Interjection and its types


Interjection is one of the eight parts of speech in English grammar along with noun, pronoun, verb, adverb, adjective, conjunction and preposition. Interjection is a part of speech that conveys emotions or expresses a meaning or feelings. Interjection does not add meaning to a sentence but express the feeling of the speaker. An interjection is sometimes followed by the exclamation sign i.e. “!”. For example: The kid exclaimed, “Hurrah! I got Barbie coloring pack of pens”. Here, the interjection “hurrah!” is expressing the excitement of the kid after getting Barbie coloring pack of pens. There are five different types of interjections classified based on expressions such as greetings, joy, approval, surprise and grief.
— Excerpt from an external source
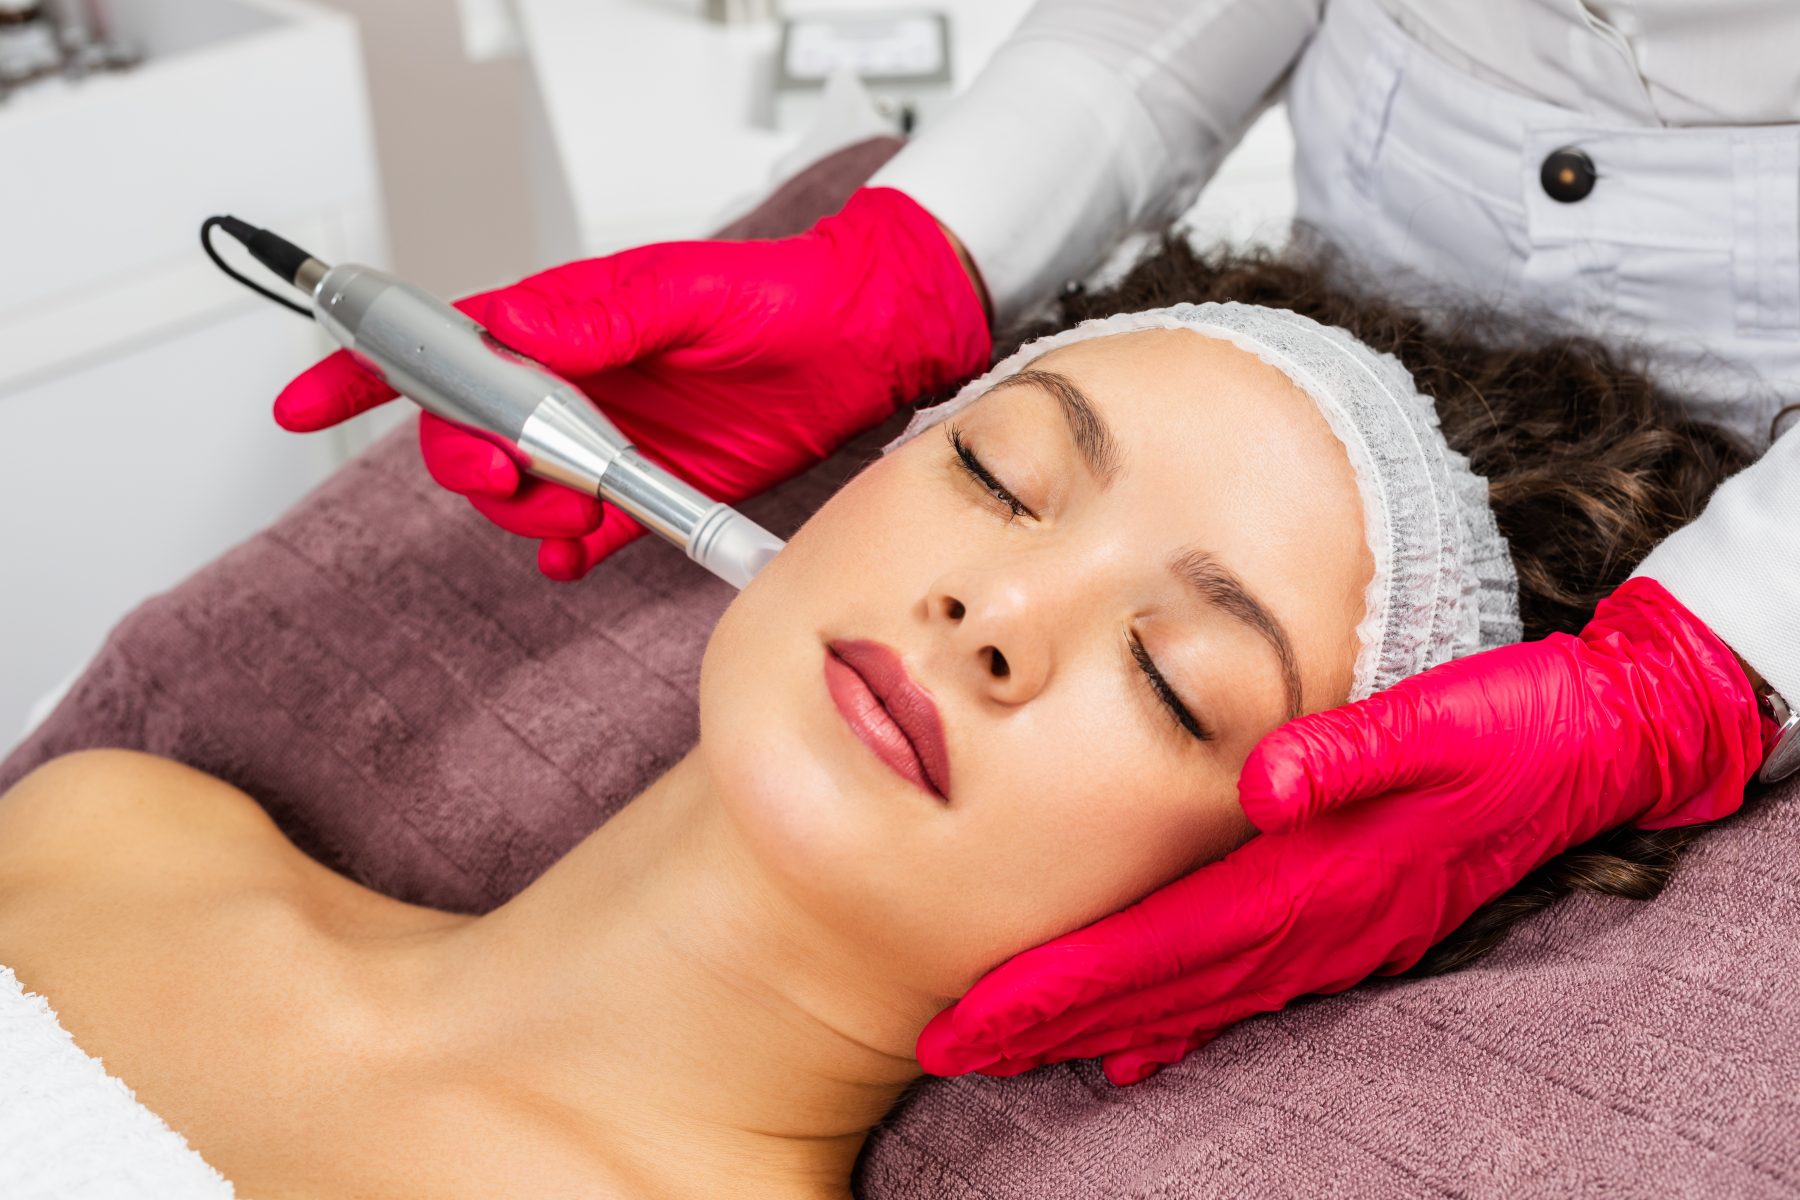 Woman receiving microneedling rejuvenation treatment also known as a vampire facial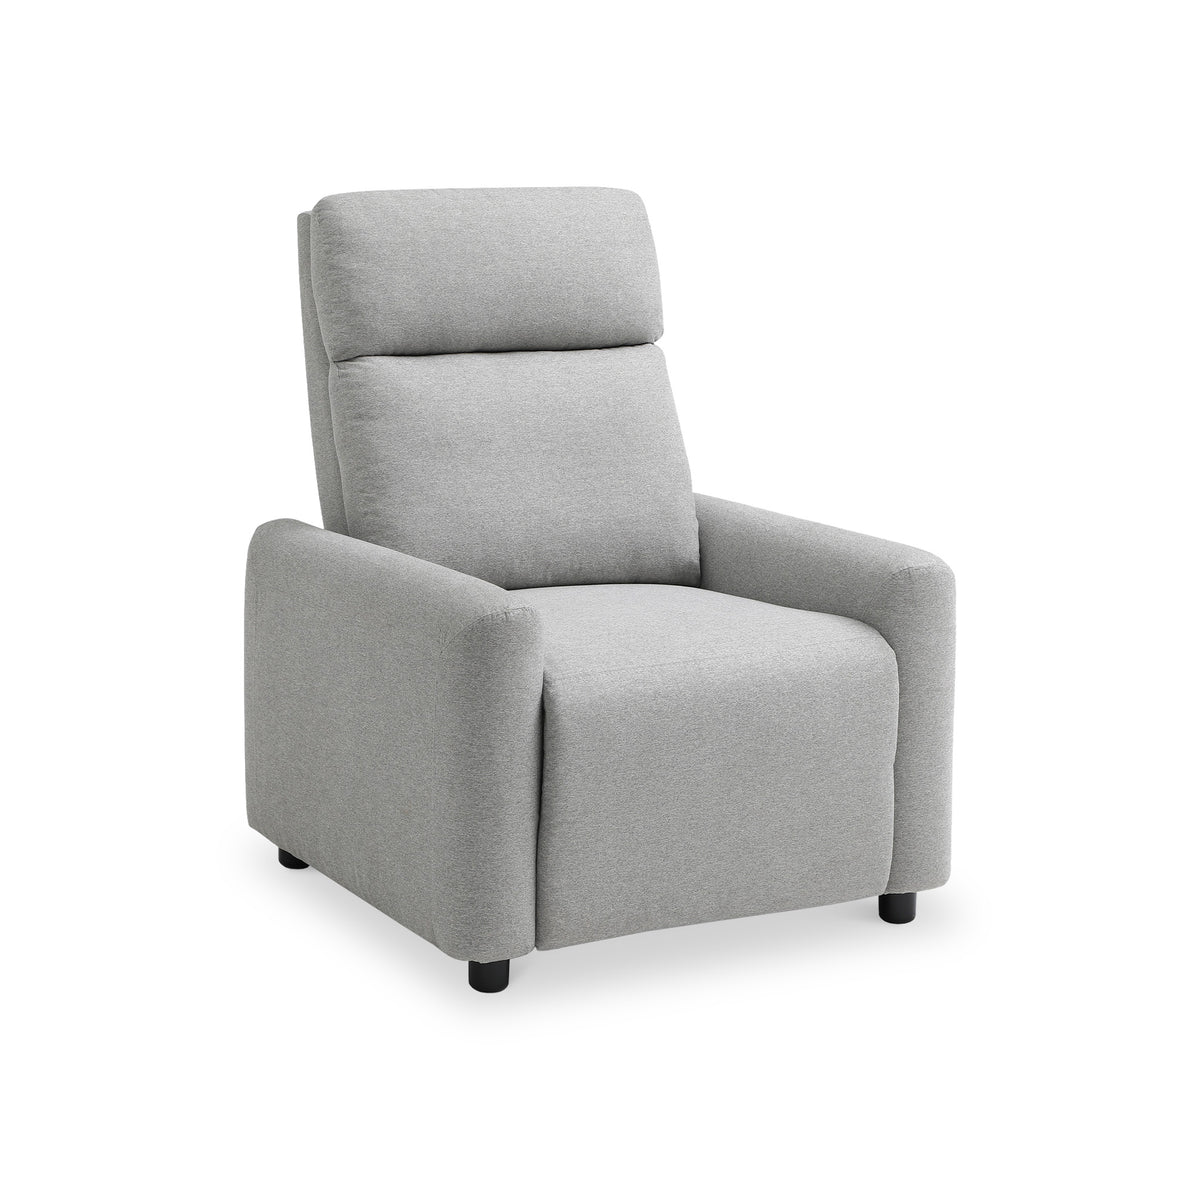 Fairford Grey Faux Wool Reclining Armchair from Roseland Furniture

Lets’ have a closer look at each of the types of interjections.

Interjections to express Greetings:
Interjections to express greetings are type of interjections that are used to wish someone. Popularly used interjections of expressing greetings are: hello, hi and so on. For example: Hello, how have you been? Here, the speaker is wishing hello and how the other person has been by using “hello”.

Interjections to express Joy:
As the term suggests, these types of interjections convey the feeling of joy and excitement of the speaker. Commonly used interjections are: hurrah, yippee, hey and more. For example: Hey! Look Farlin India collection has real good stuffs for kids. Here, the speaker is expressing his excitement at Farlin India brand’s grand collection.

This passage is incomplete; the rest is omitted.